I expected to be a lot worse. Names of famous people gets us other names of people with the same profesion - US presidents and greek mathematicians come up pretty easily. 

But with some less known figures, like a general in a certain battle, it woulnd't work. In those cases it would be good if we find other names in the same text or if we're working with a textbook we can use the names from other topics.

# Filtering closer words

In [69]:
sentence = 'oxygen is a chemical element with symbol O and atomic number 8.'
answer = 'oxygen'

### Stemming

In [70]:
from nltk.stem import WordNetLemmatizer
from nltk.stem import PorterStemmer

stemmer = PorterStemmer()

In [71]:
print(stemmer.stem('koalas'))

koala


### Part of speech

In [72]:
from nltk.corpus import wordnet as wn
words = ['write', 'oxygen', 'lisbon']

for word in words:
    tmp = wn.synsets(word)[0].pos()
    print (word, ":", tmp)

write : v
oxygen : n
lisbon : n


### Removing stopwords from sentence

In [73]:
from nltk.corpus import stopwords
word_list = sentence.replace(answer, '').split()
word_list = sentence.replace('.', '').split()

filtered_words = [word for word in word_list if word not in stopwords.words('english')]

print(filtered_words)

['oxygen', 'chemical', 'element', 'symbol', 'O', 'atomic', 'number', '8']


### Extracting closest words

In [74]:
closestWords = model.most_similar(positive=[answer], topn=40)

In [75]:
answerPOS = wn.synsets(answer)[0].pos()
answerStem = stemmer.stem(answer)
words = []

for i in range(len(closestWords)):
    #Having a threshold. Word embedding shouldn't be further than 0.20
    if closestWords[i][1] > 0.20:
        word = closestWords[i][0]
        wordPOS = wn.synsets(word)[0].pos() 
        wordStem = stemmer.stem(word)
        if wordPOS == answerPOS and wordStem != answerStem:
            words.append(word)
        
print(words)

['hydrogen', 'nitrogen', 'helium', 'nutrients', 'breathing', 'chlorine', 'monoxide', 'dioxide', 'ammonia', 'carbon', 'liquid', 'hemoglobin', 'tissues', 'vapor', 'respiration', 'atoms', 'molecules', 'oxide', 'hypoxia', 'sulfur', 'phosphorus', 'photosynthesis', 'water', 'nutrient', 'potassium', 'molecule', 'lungs', 'calcium', 'co2', 'peroxide', 'methane', 'combustion', 'gases', 'blood', 'acid', 'glucose', 'ions']

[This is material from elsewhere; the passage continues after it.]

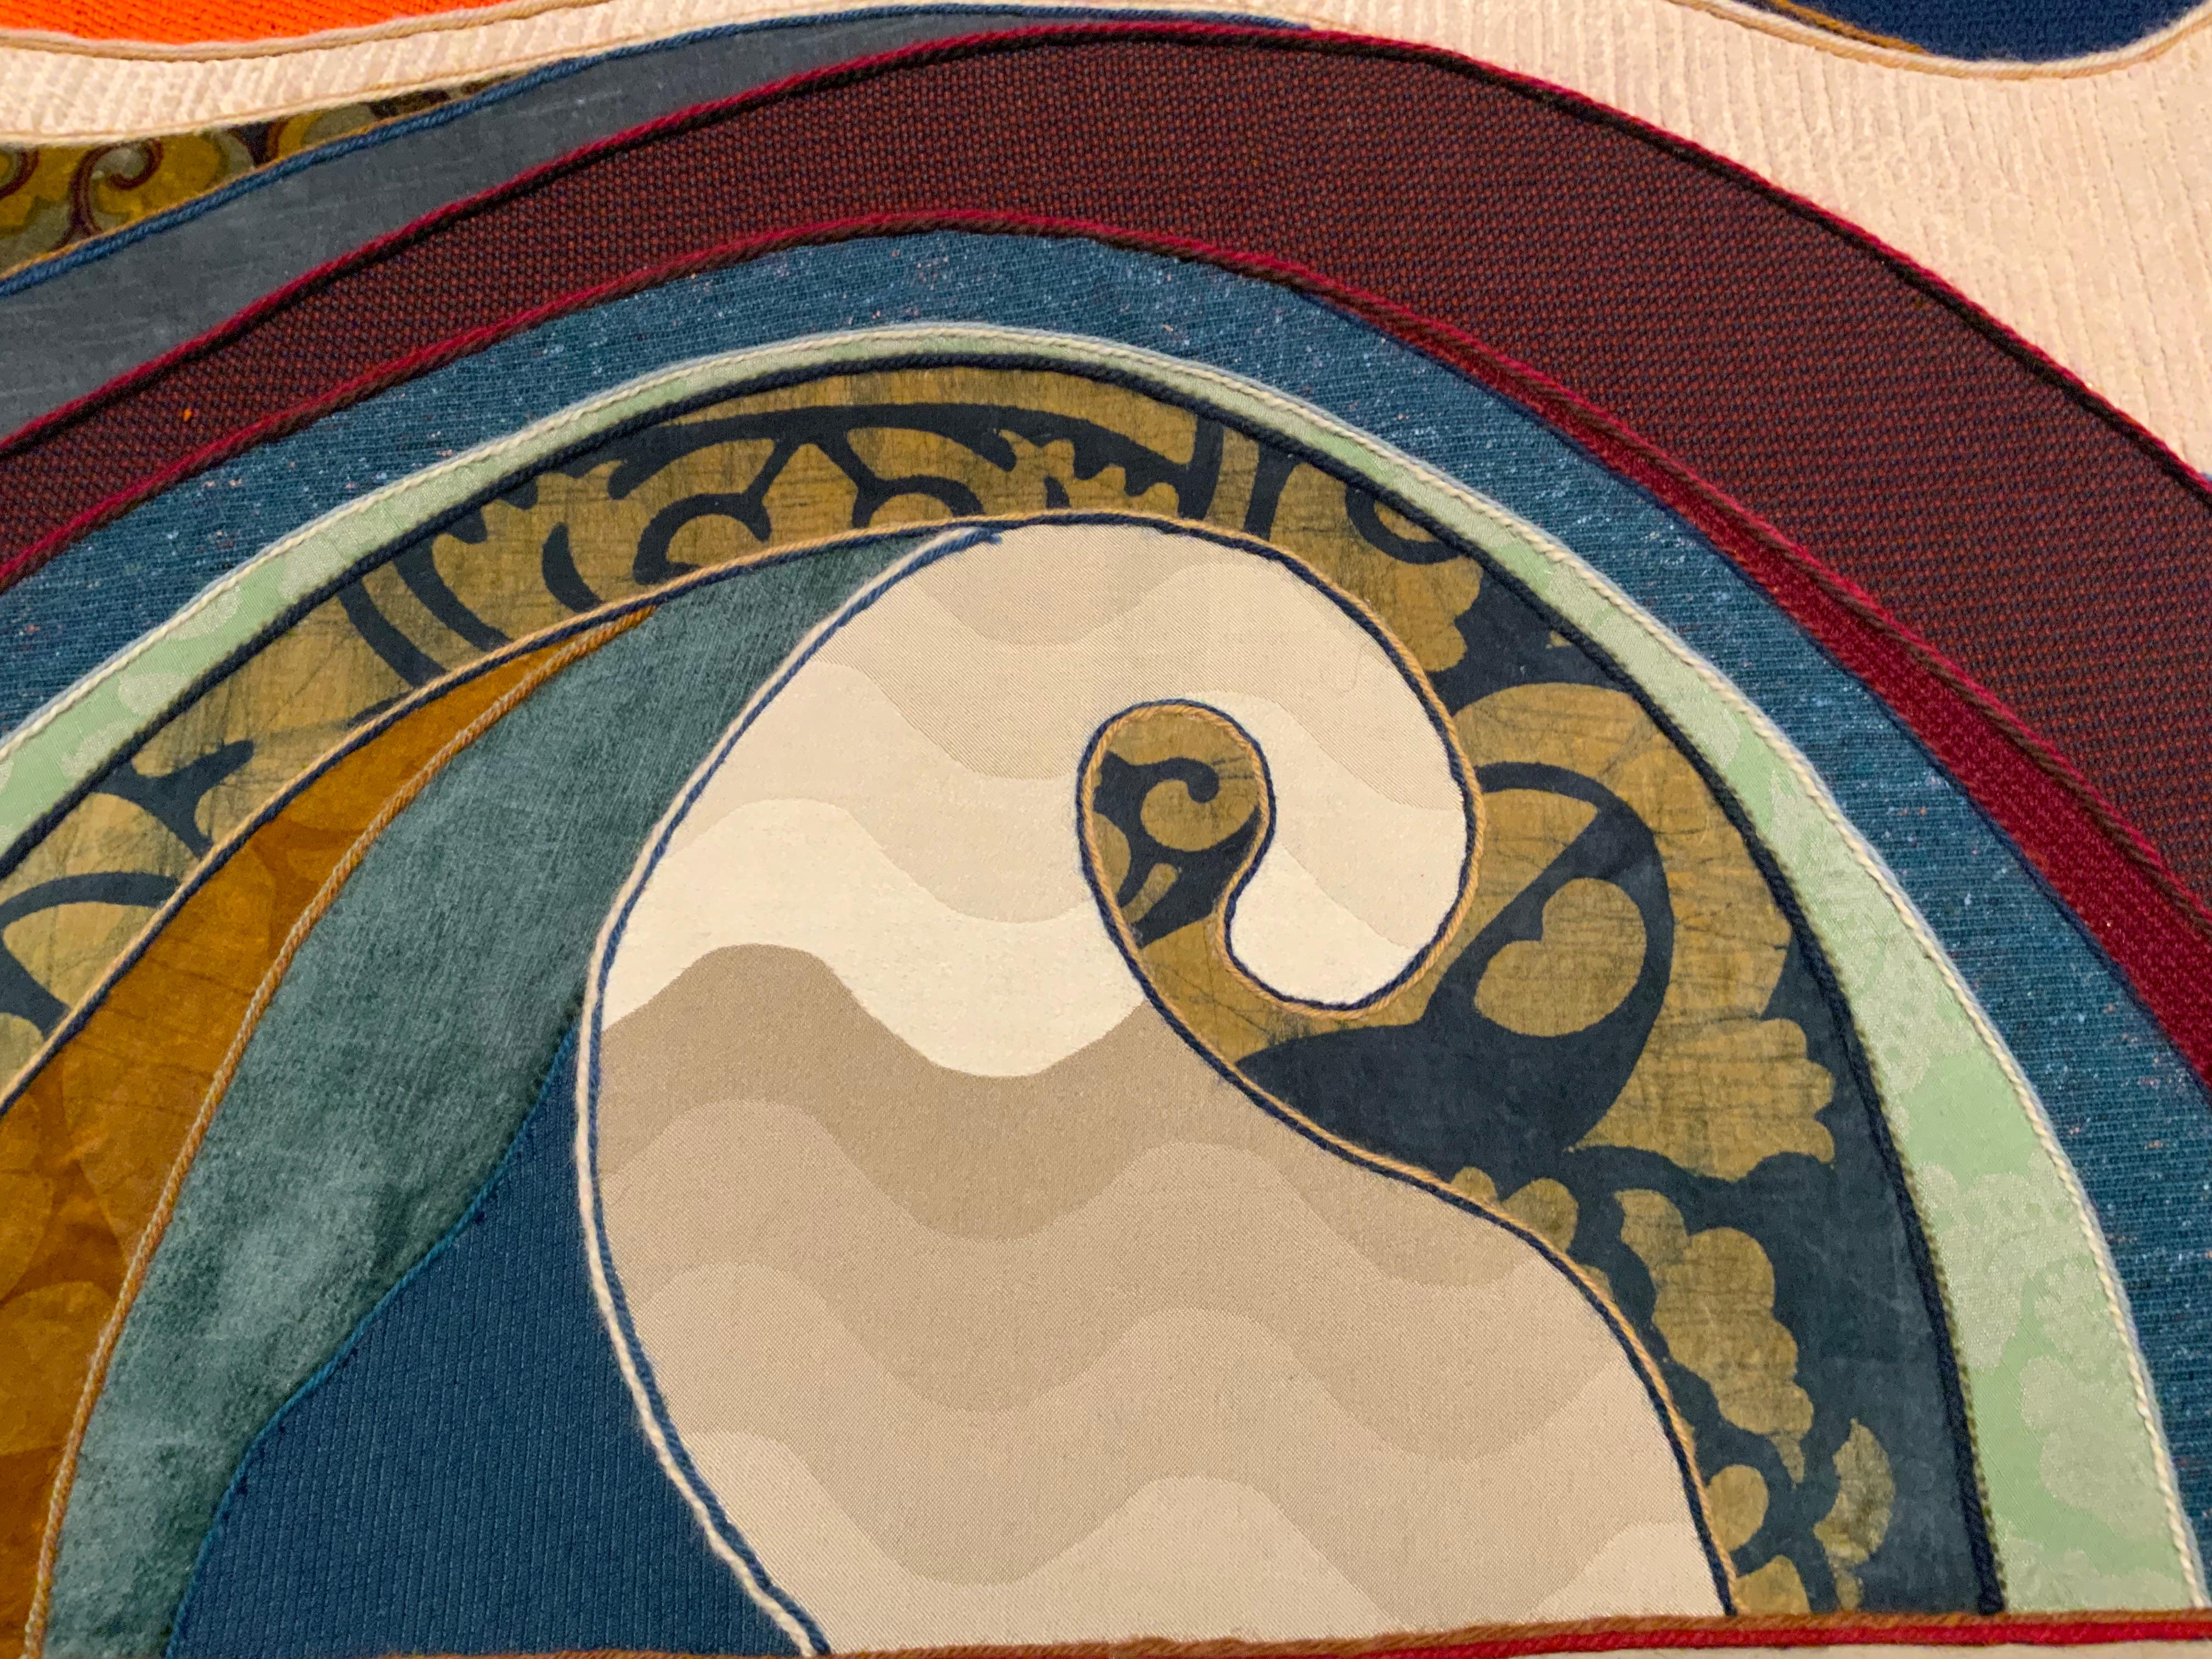 Von Helen Webber (Amerikanerin, 1928-2019) entworfener und handgefertigter Wandteppich aus einer Stoffcollage. Der Künstler verwendet eine Collagetechnik, bei der er eine Reihe von Designer-Polsterstoffen wie Samt, Brokat, Kammgarn, Jacquard,

### Strenght of closest words
A list holding the occurences for each closest word of the answer for every other word in the sentence

In [76]:
wordOccurences =  [0] * len(words)

for sentenceWordIndex in range(len(filtered_words)):
    if filtered_words[sentenceWordIndex] not in model.vocab:
        continue
        
    sentenceWords = model.most_similar(positive=[answer, filtered_words[sentenceWordIndex]], topn=40)
    sentenceWordClosest = []
    for i in range(len(sentenceWords)):
        #Having a threshold. Word embedding shouldn't be further than 0.20
        if sentenceWords[i][1] > 0.20:
            sentenceWordClosest.append(sentenceWords[i][0])
                
    for i in range(len(sentenceWordClosest)):
        #Checking if the embedding is also contained in the embedding of the answer
        if sentenceWordClosest[i] in words:
            wordIndex = words.index(sentenceWordClosest[i])
            wordOccurences[wordIndex]+=1
            
print(wordOccurences)

[7, 5, 5, 3, 1, 3, 2, 5, 2, 5, 4, 1, 2, 4, 1, 5, 4, 3, 1, 4, 2, 1, 4, 1, 2, 5, 1, 1, 1, 2, 2, 1, 4, 2, 3, 1, 2]


In [79]:
combined = list(zip(words, wordOccurences))

In [80]:
sorted(combined, key=lambda x: x[1], reverse=True)

[('hydrogen', 7),
 ('nitrogen', 5),
 ('helium', 5),
 ('dioxide', 5),
 ('carbon', 5),
 ('atoms', 5),
 ('molecule', 5),
 ('liquid', 4),
 ('vapor', 4),
 ('molecules', 4),
 ('sulfur', 4),
 ('water', 4),
 ('gases', 4),
 ('nutrients', 3),
 ('chlorine', 3),
 ('oxide', 3),
 ('acid', 3),
 ('monoxide', 2),
 ('ammonia', 2),
 ('tissues', 2),
 ('phosphorus', 2),
 ('potassium', 2),
 ('peroxide', 2),
 ('methane', 2),
 ('blood', 2),
 ('ions', 2),
 ('breathing', 1),
 ('hemoglobin', 1),
 ('respiration', 1),
 ('hypoxia', 1),
 ('photosynthesis', 1),
 ('nutrient', 1),
 ('lungs', 1),
 ('calcium', 1),
 ('co2', 1),
 ('combustion', 1),
 ('glucose', 1)]

## Function

In [98]:
def getClosestWords(sentence, answer):

    #Stemming
    stemmer = PorterStemmer()

    #Removing stopwords, answer and punctuation from sentence
    word_list = sentence.replace(answer, '').split()
    word_list = sentence.replace('.', '').split()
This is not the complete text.